I am thoroughly convinced that most people don’t know how to converse with others. And that’s a shame because I am also convinced that the most successful people in the world are the ones who understand the art of the conversation.
I don’t suppose I can place blame too much. Advances in technology that make our lives so much easier also extract a measure of our lives at the same time. I am reading a fantastic book by Nicholas Carr called “The Shallows: What the Internet Is Doing To Our Brains“. For someone like me who is such a huge proponent of technology and the Internet, it has been a swift kick in the butt for me. Our ability to hold meaningful conversations in both written and spoken form is slowly disappearing, in large part because of how our behaviors are being shaped and fundamentally changed by the technology in our lives. Grab this book now and read it. If you can hold your attention long enough to finish it, that is.

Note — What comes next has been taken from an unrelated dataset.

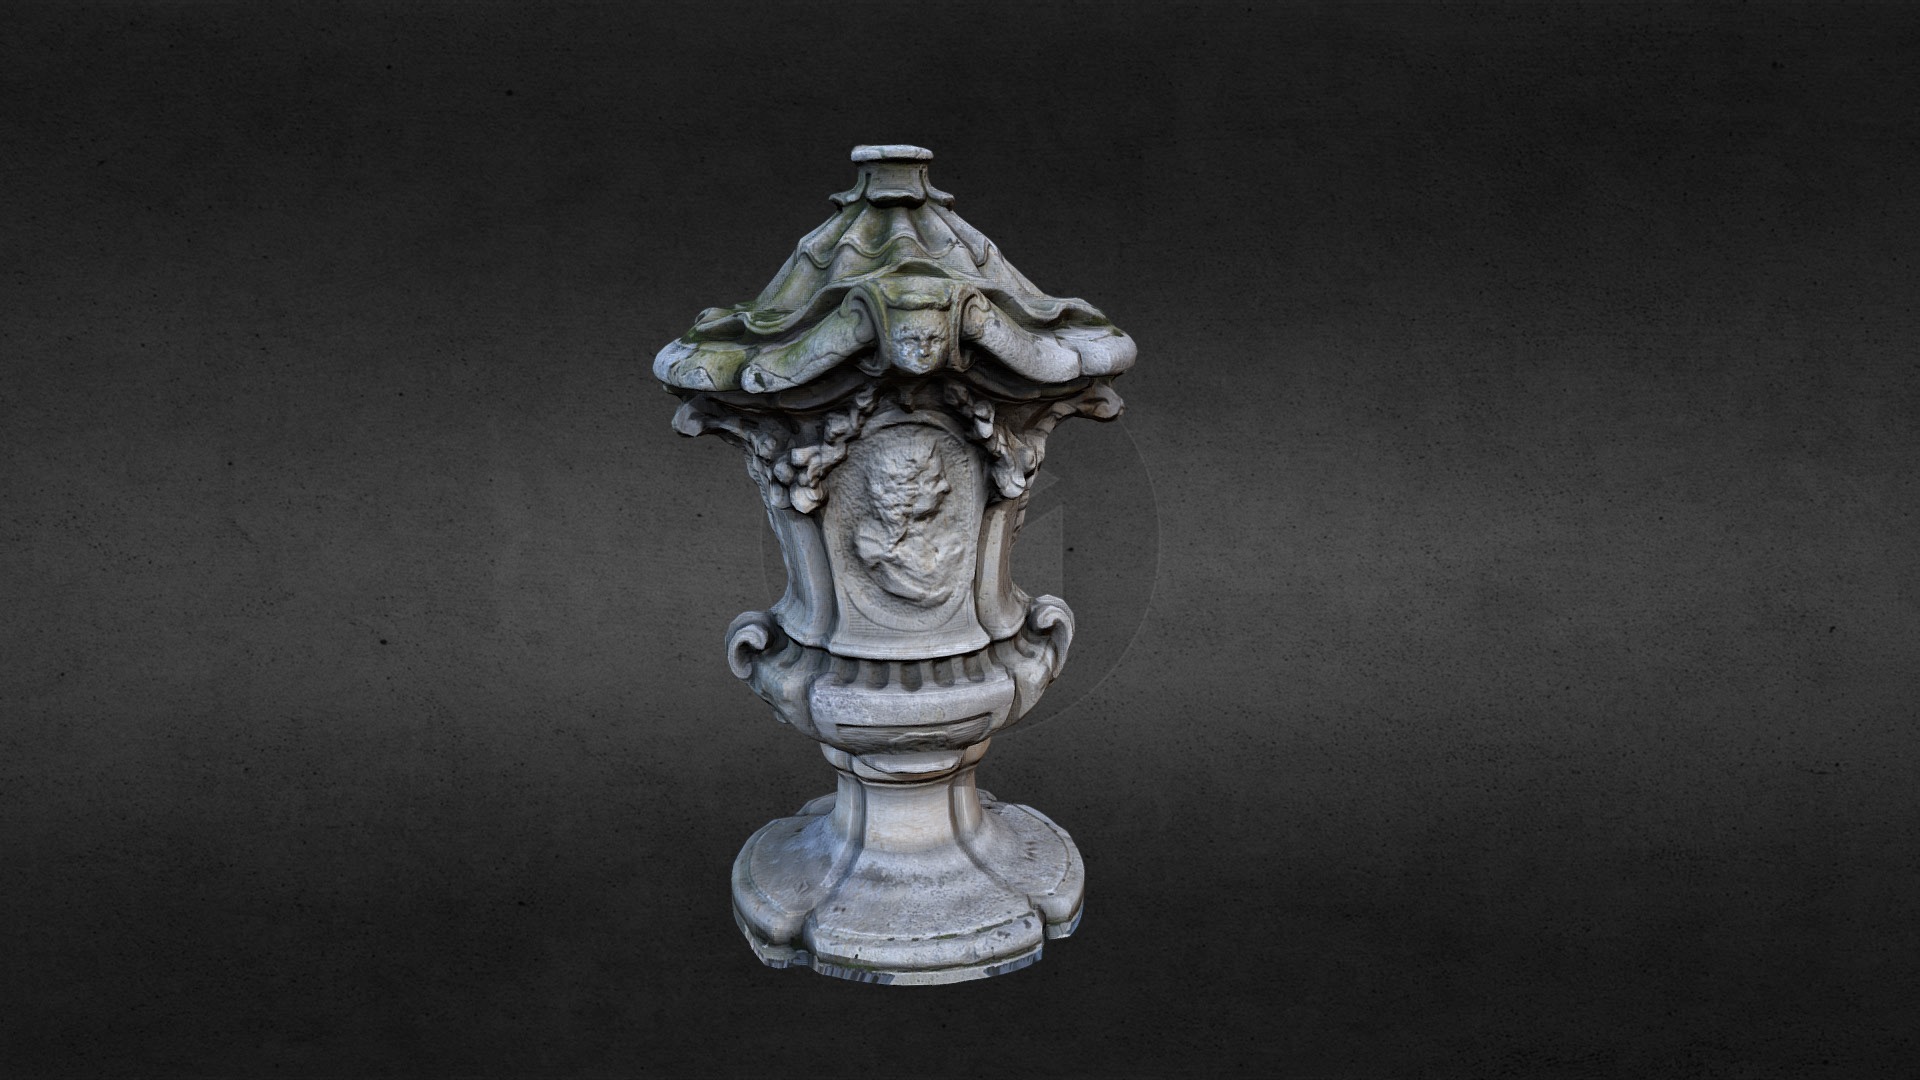 3D model Vase - This is a 3D model of the Vase. The 3D model is about a metal object with a design on it.

So what is the art of the conversation? Well, maybe I should just give you a simple example… more business is done over beers sitting at the bar than across the conference room table. Knowing how to talk to others, and more importantly listen to others, can be the key to you getting ahead at work, at home, and everywhere in between. In this increasingly self-absorbed, self-righteous, and self-promoting society that we live in, the art of the conversation is a dying skill.
So how do you do it? Here are some things that we all can do to make sure that we don’t lose this critical skill:
- Ask the right questions – when talking to someone, ask open-ended questions that encourage them to talk about themselves. Like… ‘I really love the work that you have been doing lately. What is it that motivates you?‘ Or… ‘what do you think?‘ Or… “That sounds awesome… tell me more about that.” Quit talking about yourself and talk about others. That’s a really good start. Pretty soon the conversation will turn to you and you can blab away at the mouth.
- Validate others – when somebody asks you a question or makes a comment, preface your response with something that validates the other person. Like… “that’s a great question…” or… “I’m really glad you said that…” or… “Boy, you hit the nail on the head…“. Things like that make the other person feel good about what they just said, and even if you disagree with them in what you are getting ready to say back to them, validating their point makes everyone feel better.
- Find common ground – this is especially true if you disagree with the other person. Finding something you can agree on and actually saying the words can be the difference between souring a relationship and saving it, or getting/losing the business. Like….”I think what you just said is wrong, but I do agree with one point that you said about….” Or… “I understand what you are saying, and I see your point.“
- Listen more than you talk – this is probably the hardest to do, but it is pretty self-explanatory. Shut your trap and listen to what the other person is saying.
- Look them in the eye – Get your face out of your phone. Quit watching the TV above the bar. Look at them when they are talking. It’s tough, but you can do it.
- End on a positive – again, this is more important if you have been disagreeing with someone, but in general every conversation should end with a positive. Like…”it was so good to talk to you today.” or… “thank you so much for speaking with me today.” or… “I always have a blast hanging with you… let’s do this again soon.“
So if you want people to listen to you, to be influenced by you, to seek you out, to give you money, to follow you… learn the art of the conversation. The way things are going around here, pretty soon you’ll be the only one doing it and think how awesome you’ll be.